- [YOUR TASK]:
Start at the first line below and write out everything verbatim except the pictures.

##### RECORDED DATA

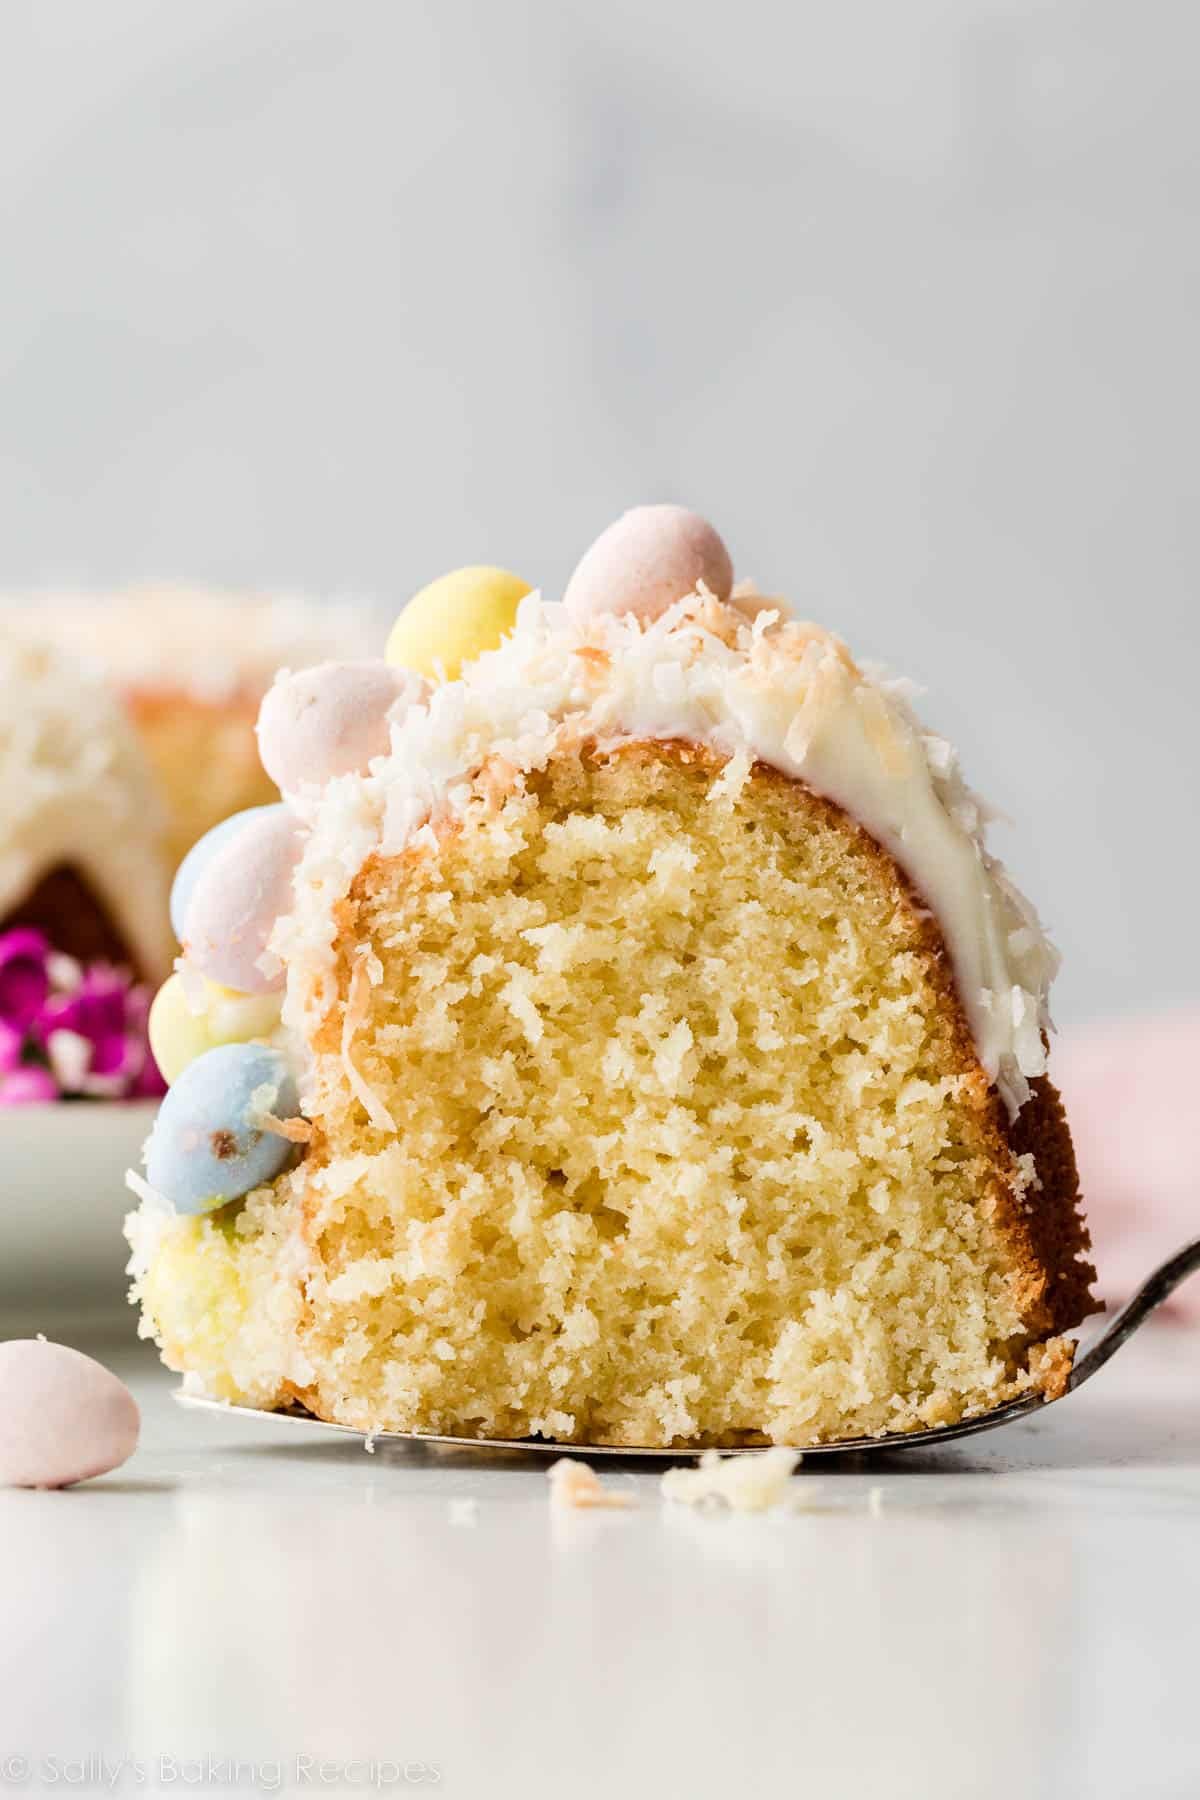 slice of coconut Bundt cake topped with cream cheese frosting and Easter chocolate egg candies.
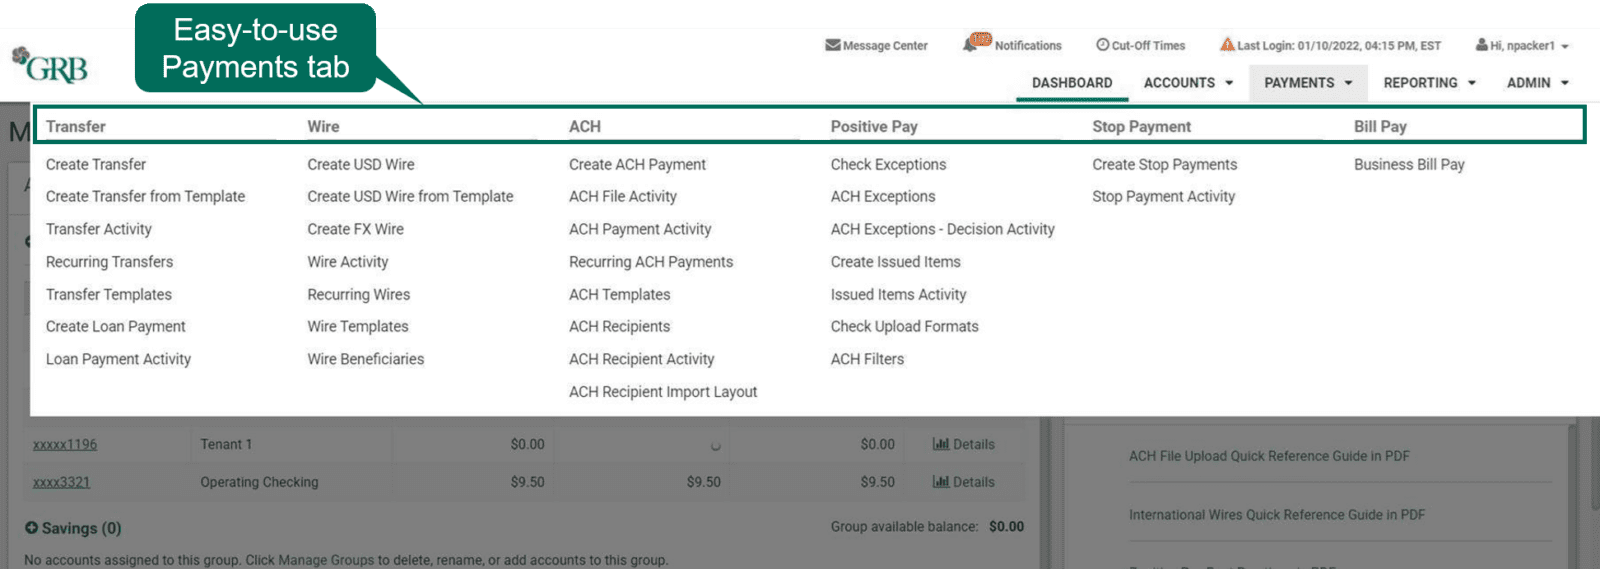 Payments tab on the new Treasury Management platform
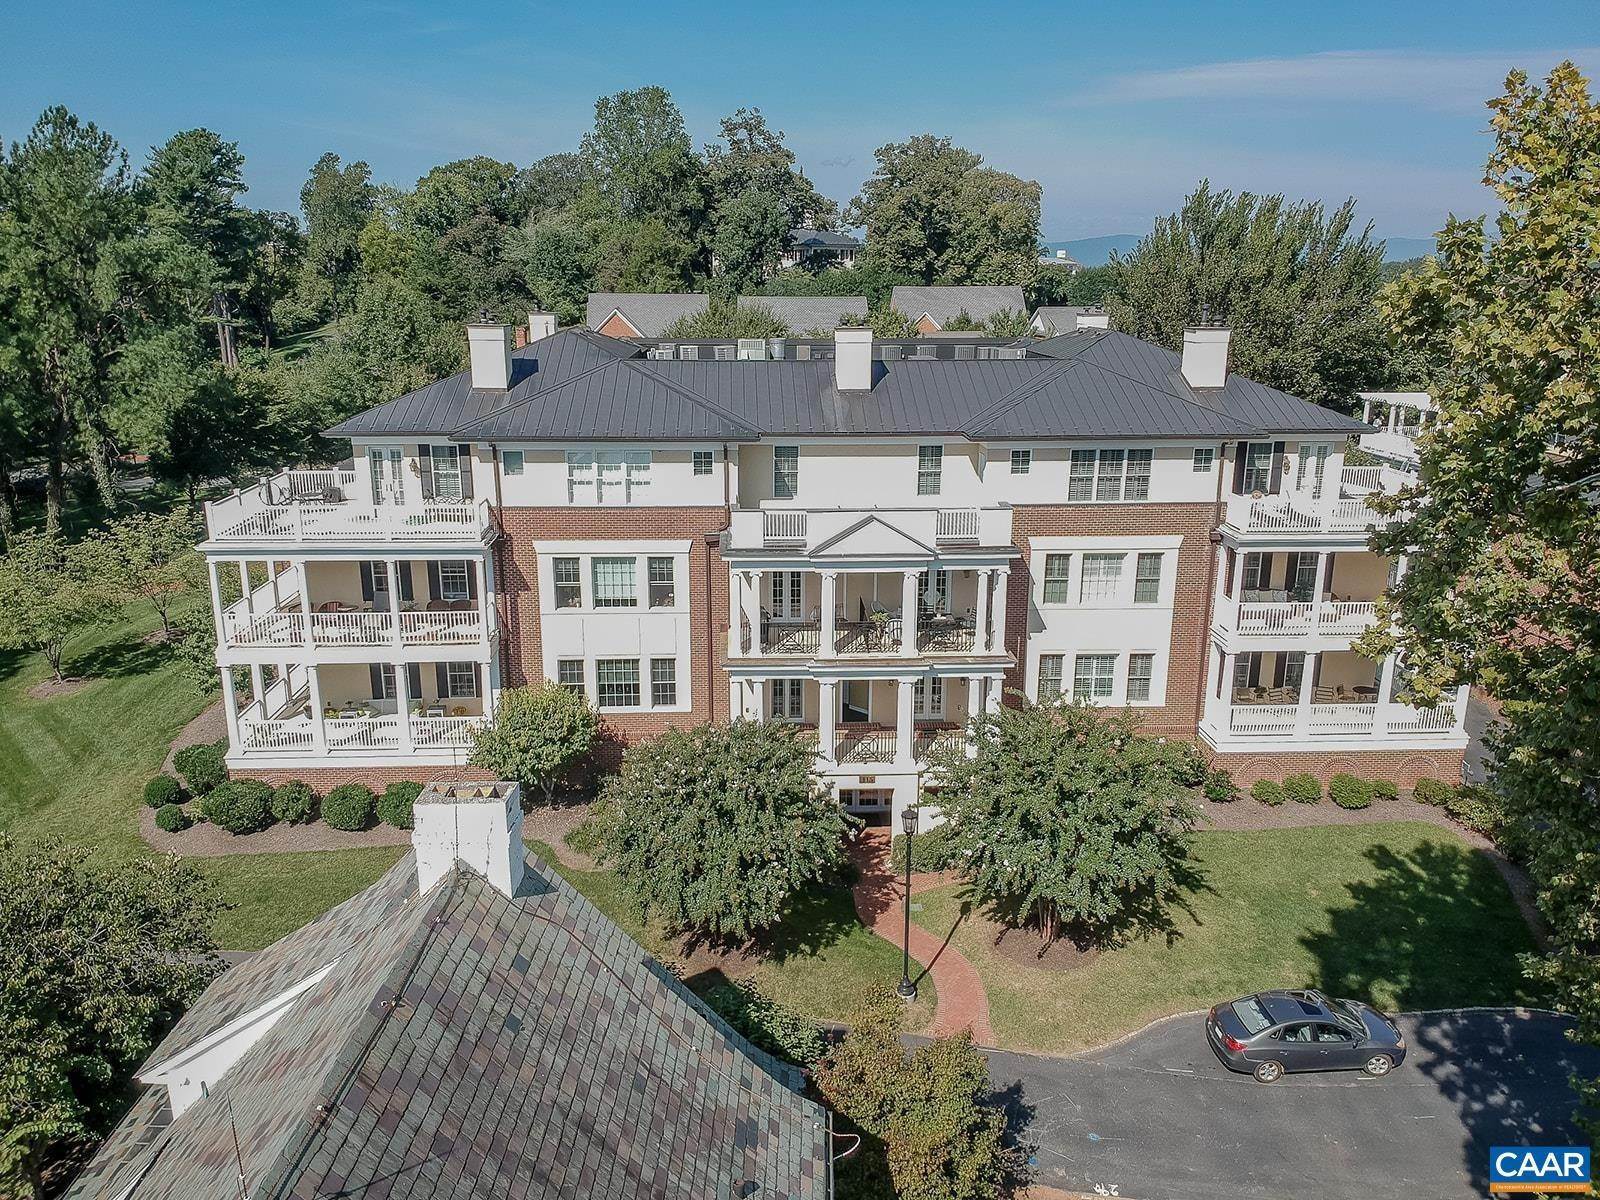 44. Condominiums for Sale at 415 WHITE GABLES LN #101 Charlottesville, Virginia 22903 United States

##########

- [FINAL ANSWER]:
 slice of coconut Bundt cake topped with cream cheese frosting and Easter chocolate egg candies.
 Payments tab on the new Treasury Management platform
 44. Condominiums for Sale at 415 WHITE GABLES LN #101 Charlottesville, Virginia 22903 United States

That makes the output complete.